Your assignment:
Go to the line that contains "YLEVE / CTN RIB P/O BIG (White)", then write out that line and all that follow to the end of the listing, exactly and without pictures.

Data provided:
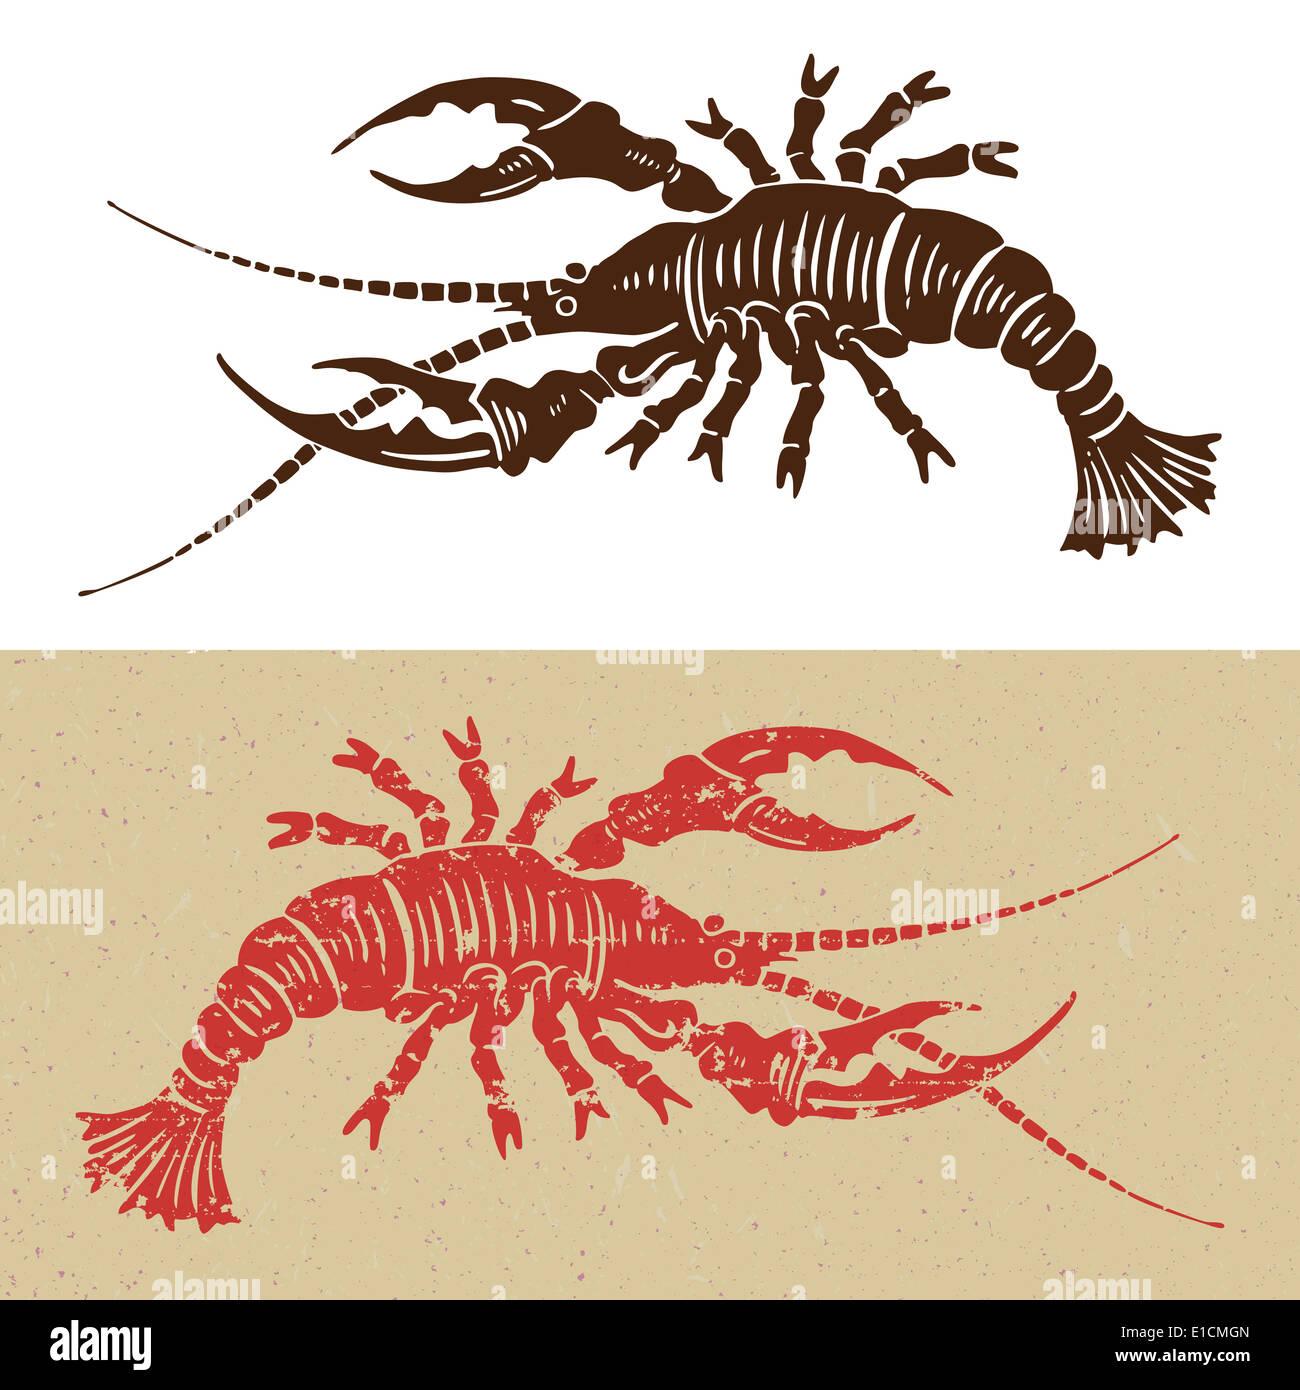 woodcut seafood icon - Stock Image
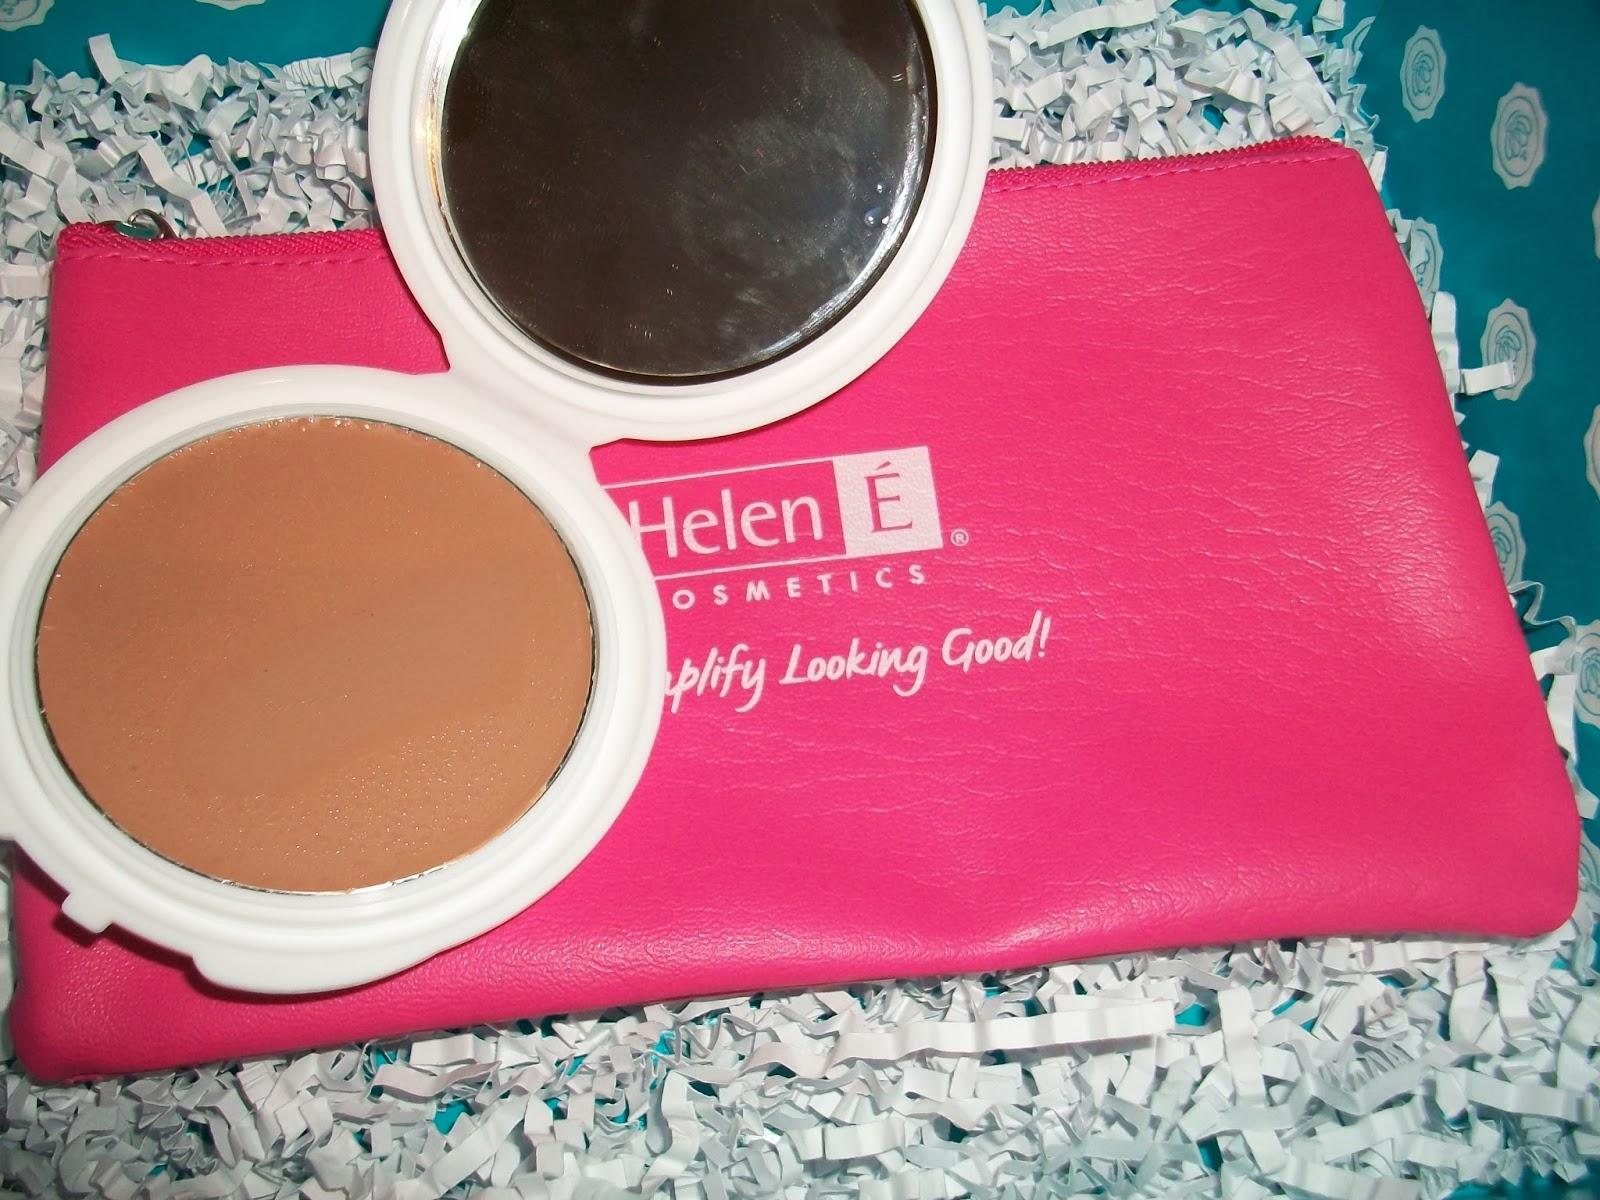 Helen e skin smoother
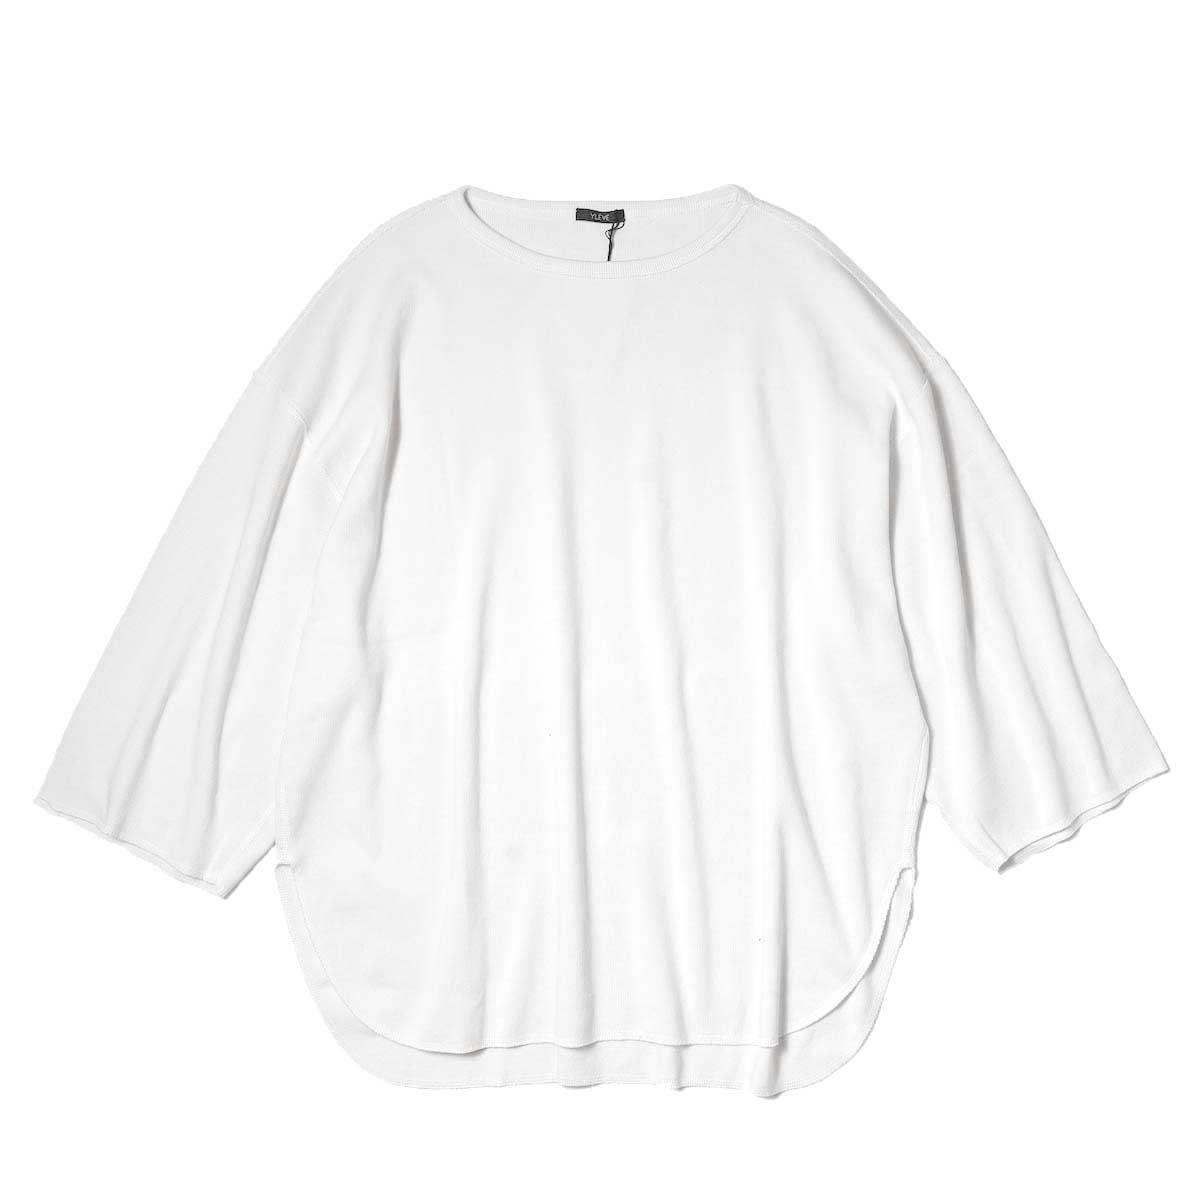 YLEVE / CTN RIB P/O BIG (White)
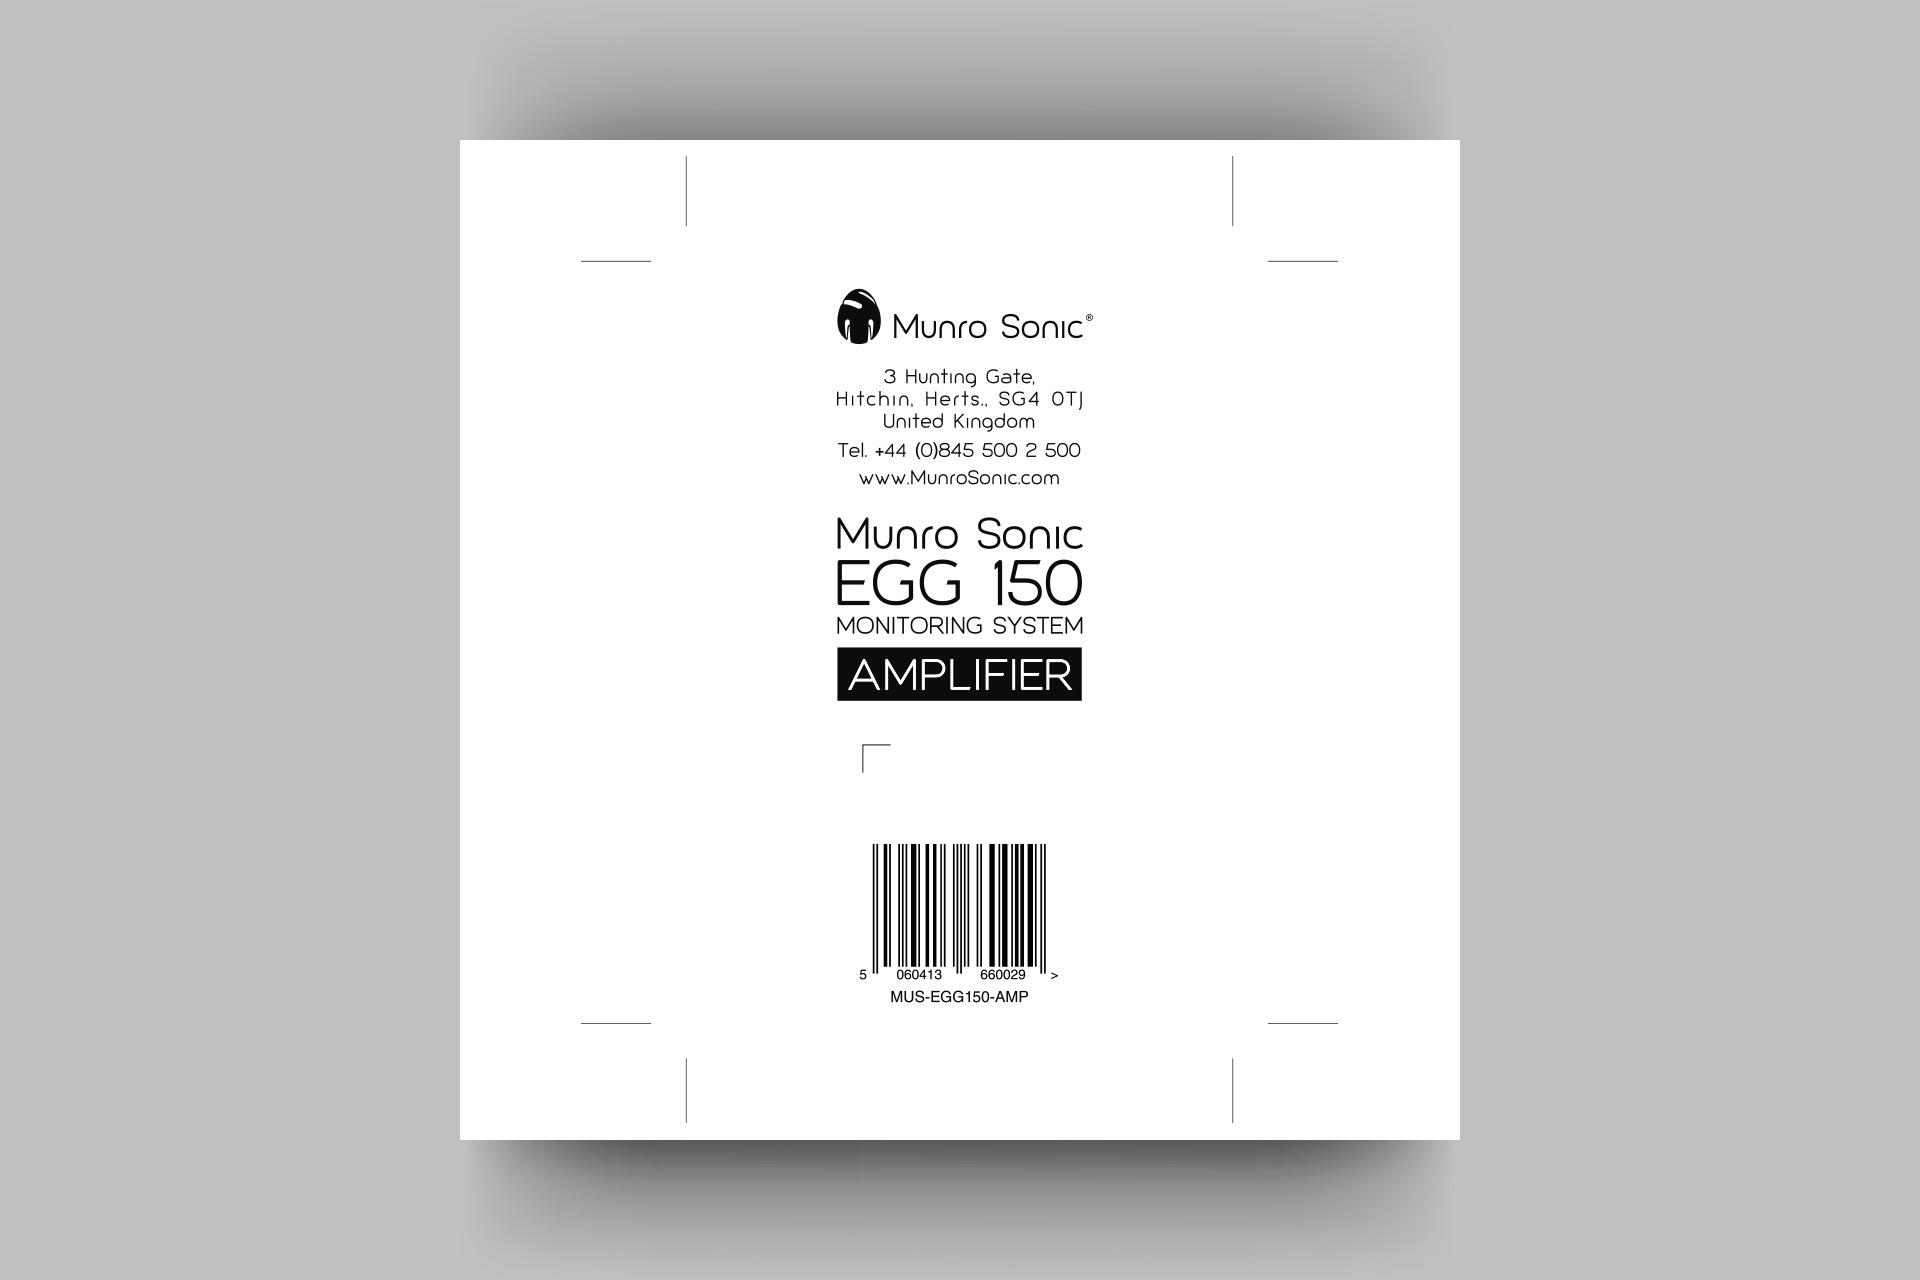 Munro-Sonic-label-amplifier

Output below:
 YLEVE / CTN RIB P/O BIG (White)
 Munro-Sonic-label-amplifier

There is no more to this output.